Privacy-First AI: Building a Voice-to-Text App That Learns Style

I’m a fast talker, but standard tools treat every platform like a dry JIRA ticket. To fix this, I dived into Chrome extension development to create Speak It: a voice-to-text app that learns your style without recording your secrets.

Using privacy-first AI, the system maps a “fingerprint” of your speech—focusing on formality and sentence length—rather than storing raw content. Powered by TiDB vector search, it delivers personalized formatting that satisfies even the pickiest enterprise legal teams by ensuring data is never harvested.

In this blog, I’ll break down how to build a transcription tool that adapts your voice to any platform—from Slack to Gmail—while keeping your data completely off the server. You’ll see the full technical stack as well as the “statistical fingerprinting” logic used to learn personal writing styles without ever storing an actual message.

The Technical Stack: TiDB, Claude, and Deepgram

Here’s what I used and why:

Chrome Extension: The app needs to work on any website, not just one platform. A browser extension was the only way to inject a mic button into Gmail, Slack, Notion, Twitter, and everywhere else.
Web Speech API + Deepgram: Chrome and Edge support the Web Speech API for free. For browsers that don’t (Arc, Safari, Firefox), I fall back to Deepgram’s streaming API. This keeps costs low for most users while maintaining broad compatibility.
TiDB Cloud Starter: I didn’t want to run two databases (one for normal data and one for vectors). Fortunately TiDB can handle both vectors and business data all in one database. It’s also MySQL-compatible, which means I could stick to what I already know AND it scales to zero when idle so I’m not paying for unused capacity.
Claude Sonnet 4: I use Claude Sonnet 4 as the formatting engine. It takes raw transcripts and reformats them based on context and style instructions. It’s great because Sonnet follows constraints well without over-editing (which is extremely important in this context).
OpenAI Embeddings: For embeddings, I use text-embedding-3-small with OpenAI. It generates vector representations of writing style samples. These power the similarity matching for style clustering.

The Architecture: Personalization Without Storing User Content

Here’s how data flows through the system:

[User speaks] 
      ↓
[Deepgram / Web Speech API]
      ↓
[Raw transcript]
      ↓
[Context detection: Gmail? Slack? Twitter?]
      ↓
[Fetch style profile from TiDB]
      ↓
[Claude formats transcript using style + context]
      ↓
[User accepts or rejects suggestion]
      ↓
[Extract stats from accepted text]
      ↓
[Update style profile in TiDB]
      ↓
[Generate embedding for similarity matching]

The key architectural decision was storing stats, not content. Here’s what goes into a style profile:

Field	Type	Example
avg_sentence_length	float	14.2
formality_score	float (0-1)	0.35
uses_contractions	boolean	true
greetings	JSON array	[“Hey”, “Hi there”]
signoffs	JSON array	[“Thanks”, “Cheers”]
top_phrases	JSON array	[“sounds good”, “let me know”]

None of this is the actual message. It’s a fingerprint of how you write, not what you write.

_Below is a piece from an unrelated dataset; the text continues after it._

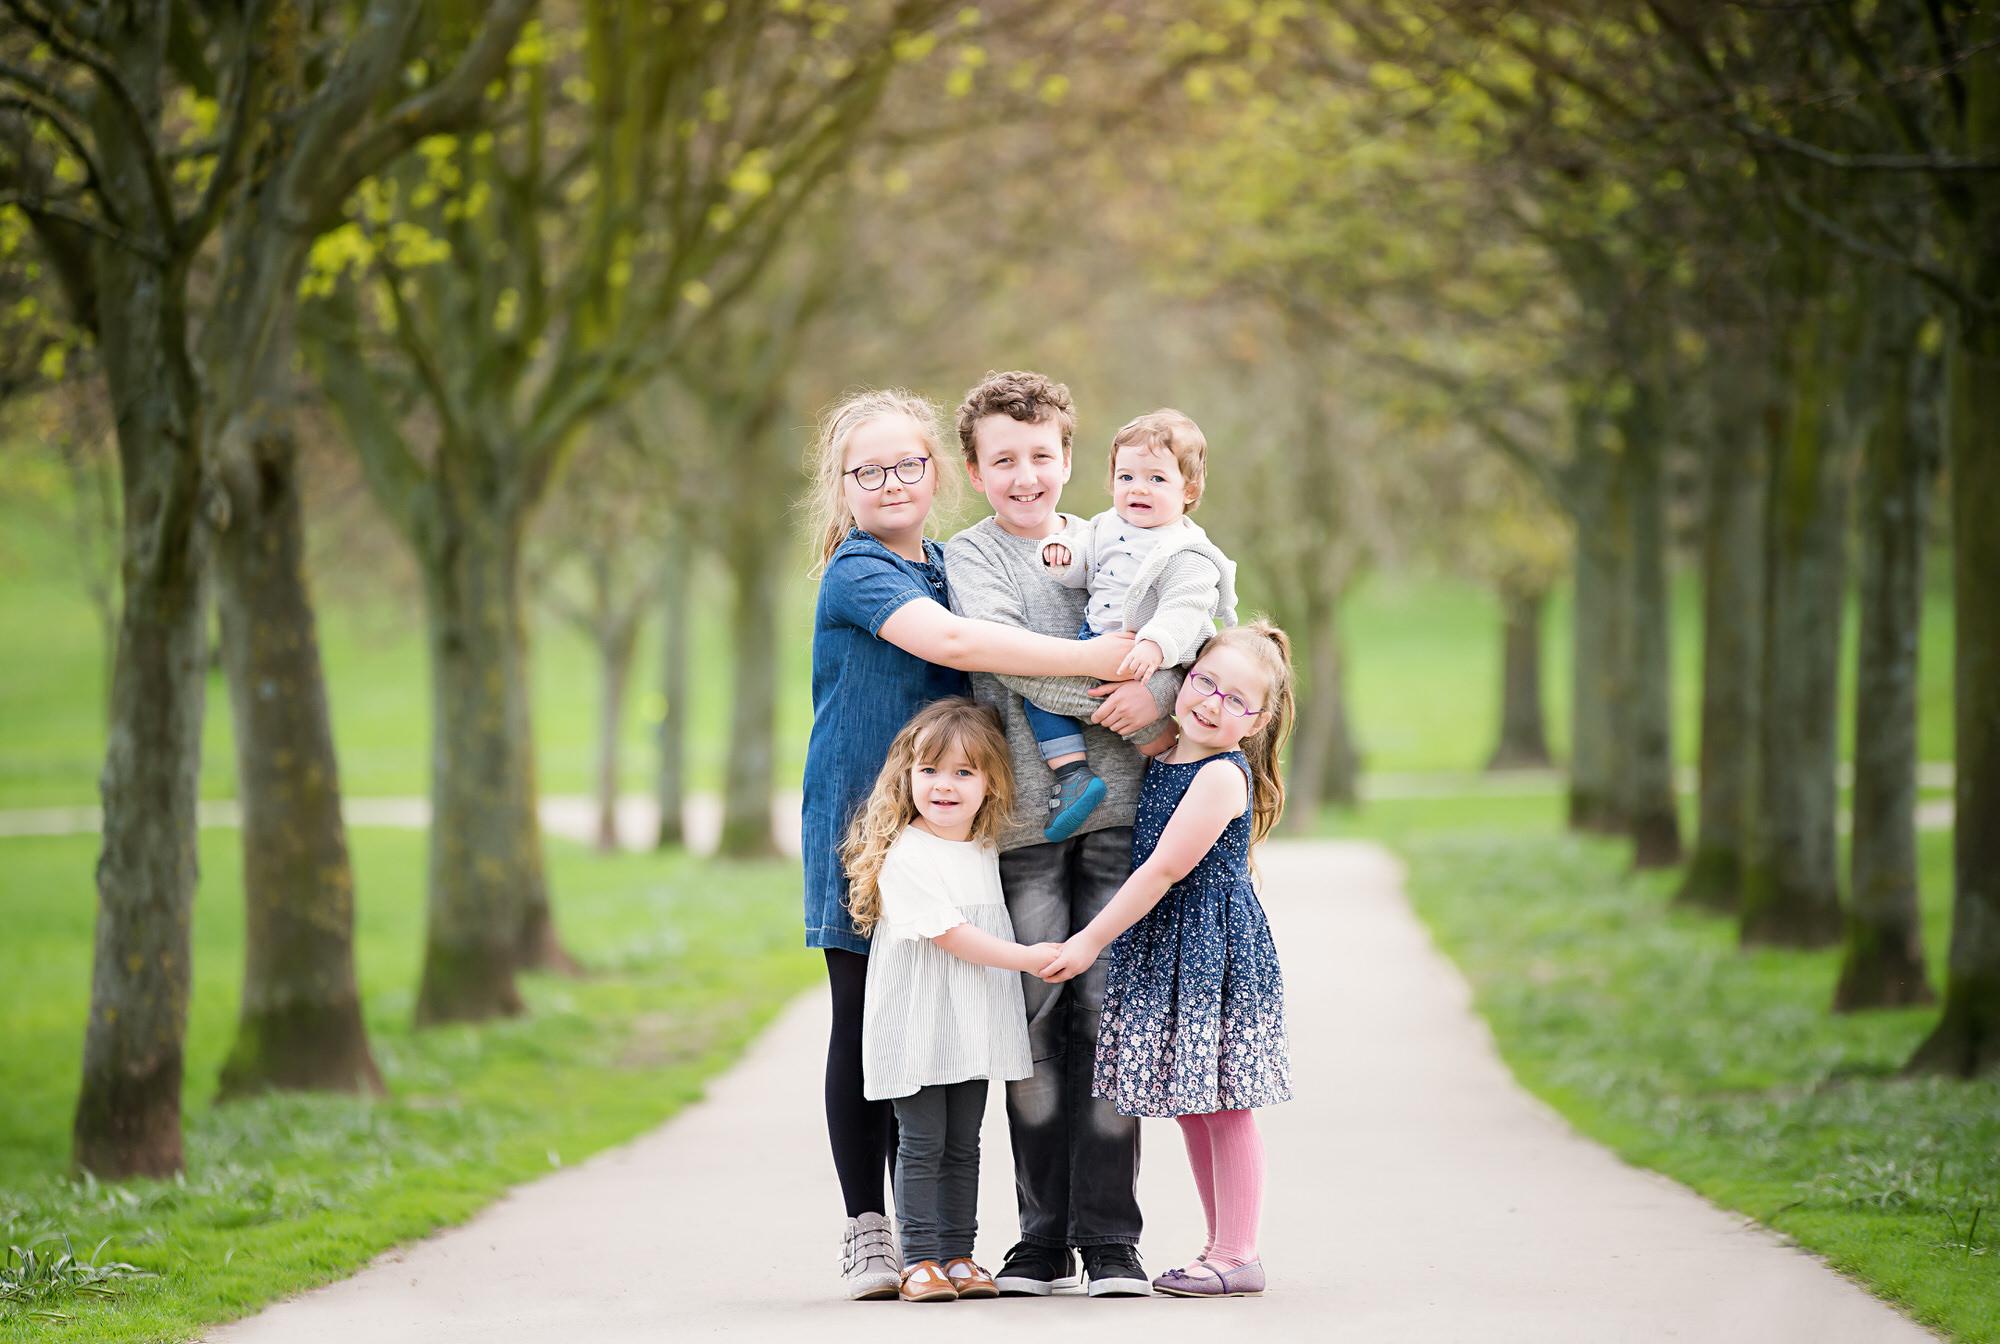 Family outdoor photoshoot, Barnsley photographer, Yorkshire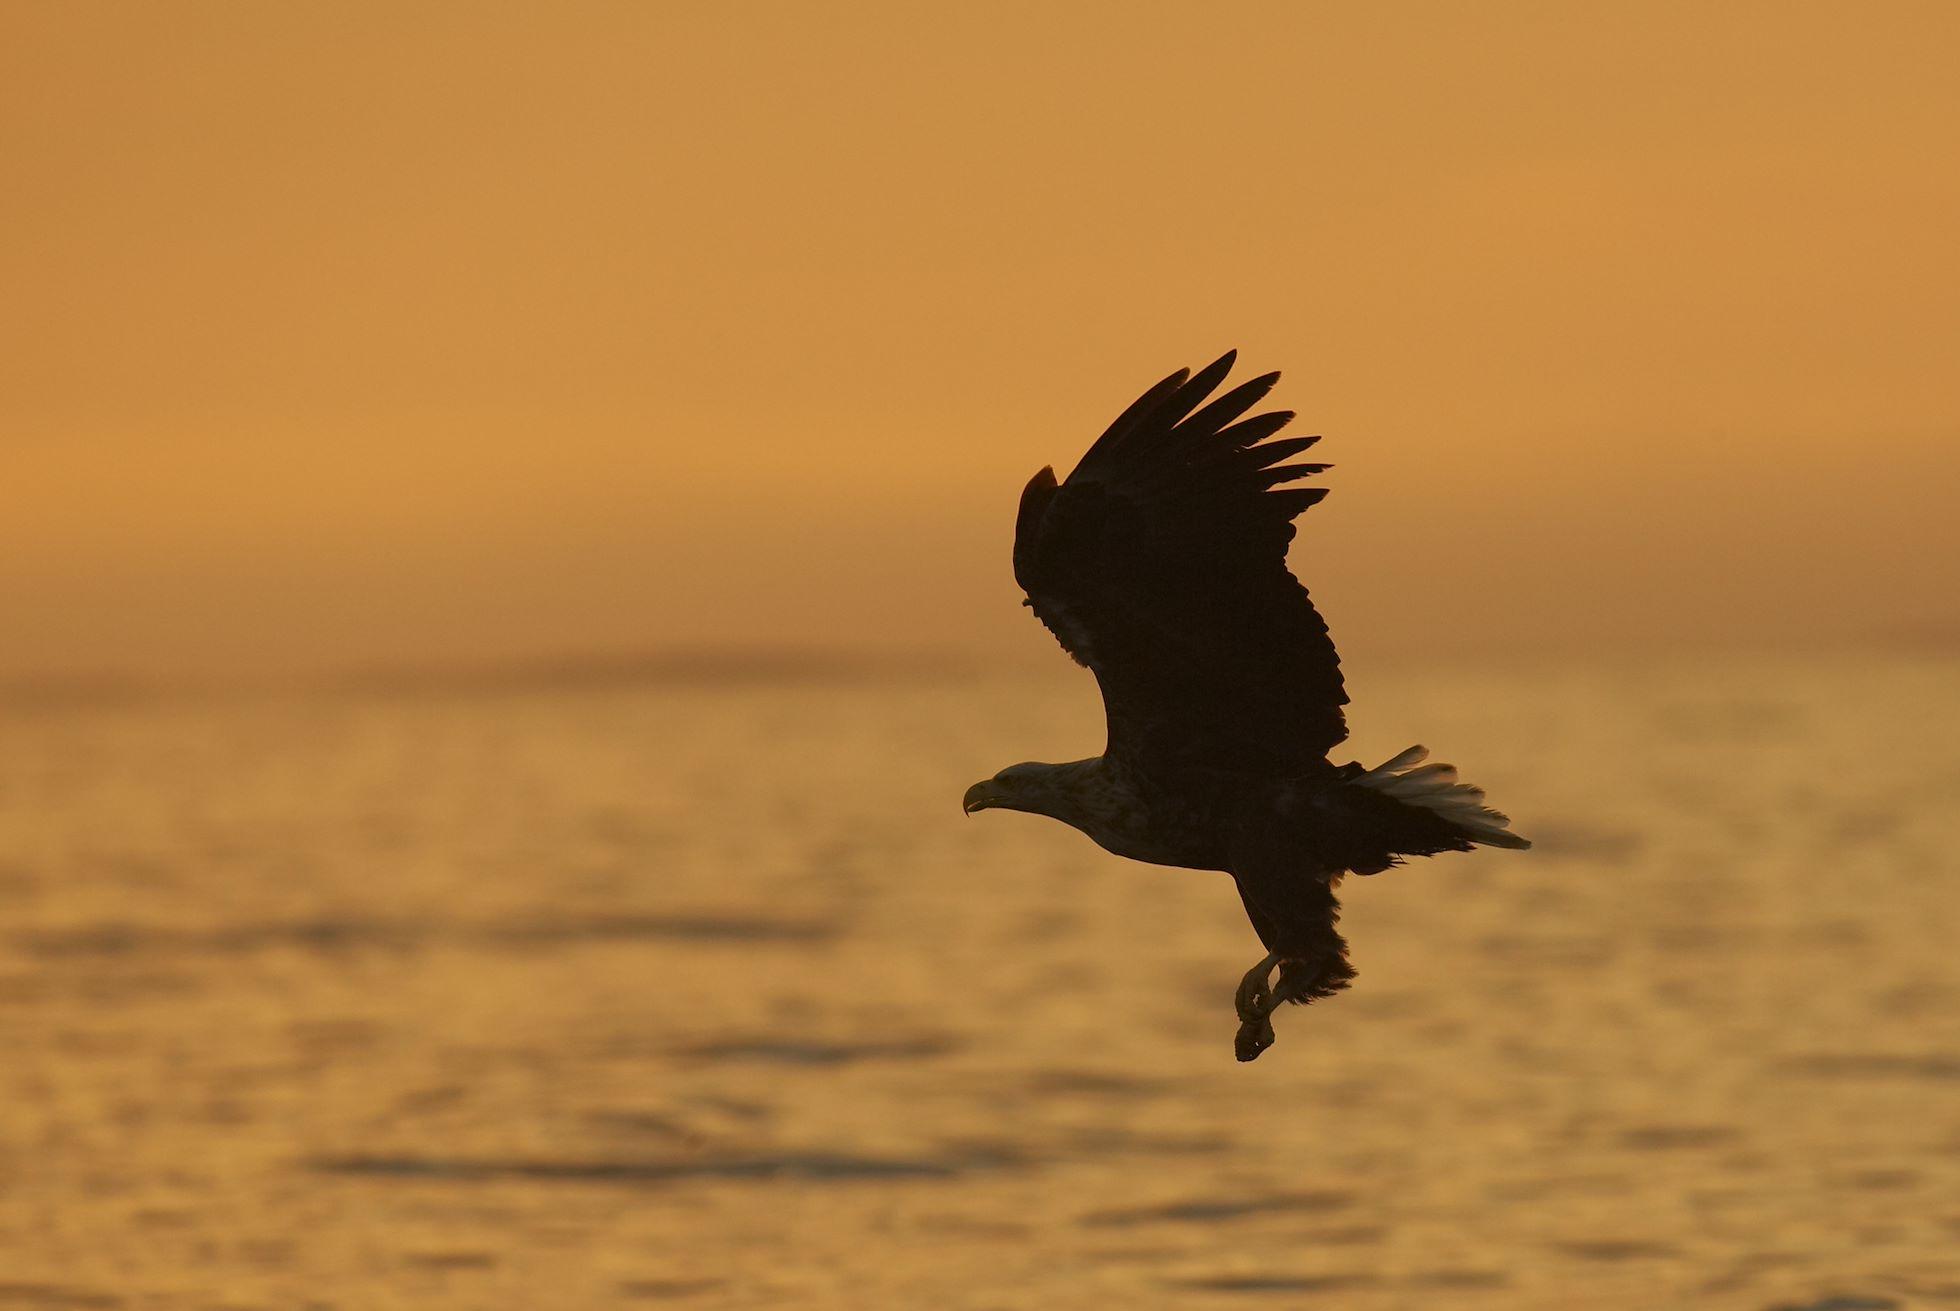 Sea eagle (Haliaeetus albicilla) in flight silhouetted against sunset, Flatanger, Norway

Enterprise customers won’t touch a tool that stores their internal communications. This constraint shaped every design decision.

Implementing Real-Time Context Detection for Gmail, Slack, and X

Different platforms have different norms. For example, LinkedIn tends to be much more formal compared to X. And a Slack message shouldn’t read like an email. So the first thing I did was figure out where the user would be typing.

Context Detection

The extension matches the current URL against known patterns, then looks for platform-specific DOM selectors to find the active text field:

const CONTEXT_PATTERNS = {
  email: {
    urls: [/mail\.google\.com/, /outlook\.live\.com/, /outlook\.office\.com/],
    selectors: [
      '[aria-label="Message Body"]',
      '[role="textbox"][aria-multiline="true"]',
      'div[contenteditable="true"][g_editable="true"]',
    ],
  },
  slack: {
    urls: [/\.slack\.com/],
    selectors: [
      '[data-qa="message_input"]',
      '.ql-editor',
      '[contenteditable="true"][data-message-input]',
    ],
  },
  twitter: {
    urls: [/twitter\.com/, /x\.com/],
    selectors: [
      '[data-testid="tweetTextarea_0"]',
      '[role="textbox"][data-testid]',
    ],
  },
  // ... 20+ contexts total
};

This detection runs before any formatting happens. The detected context determines both how Claude formats the text and what platform-specific instructions it receives.

For example, X (formerly Twitter) formatting keeps things brief and removes formal greetings while email formatting preserves sign-offs and adds paragraph breaks. And Slack sits somewhere in between.

Designing a Privacy-Focused Style Profile Schema in TiDB

The style profile lives in TiDB. Here’s the table structure:

CREATE TABLE user_style_profiles (
  user_id VARCHAR(255) PRIMARY KEY,
  avg_sentence_length FLOAT DEFAULT 12,
  formality_score FLOAT DEFAULT 0.5,
  uses_contractions BOOLEAN DEFAULT TRUE,
  top_phrases JSON,
  greetings JSON,
  signoffs JSON,
  created_at TIMESTAMP DEFAULT CURRENT_TIMESTAMP,
  updated_at TIMESTAMP DEFAULT CURRENT_TIMESTAMP ON UPDATE CURRENT_TIMESTAMP
);

Notice there’s no message_content column. We’re storing how you write, not what you write.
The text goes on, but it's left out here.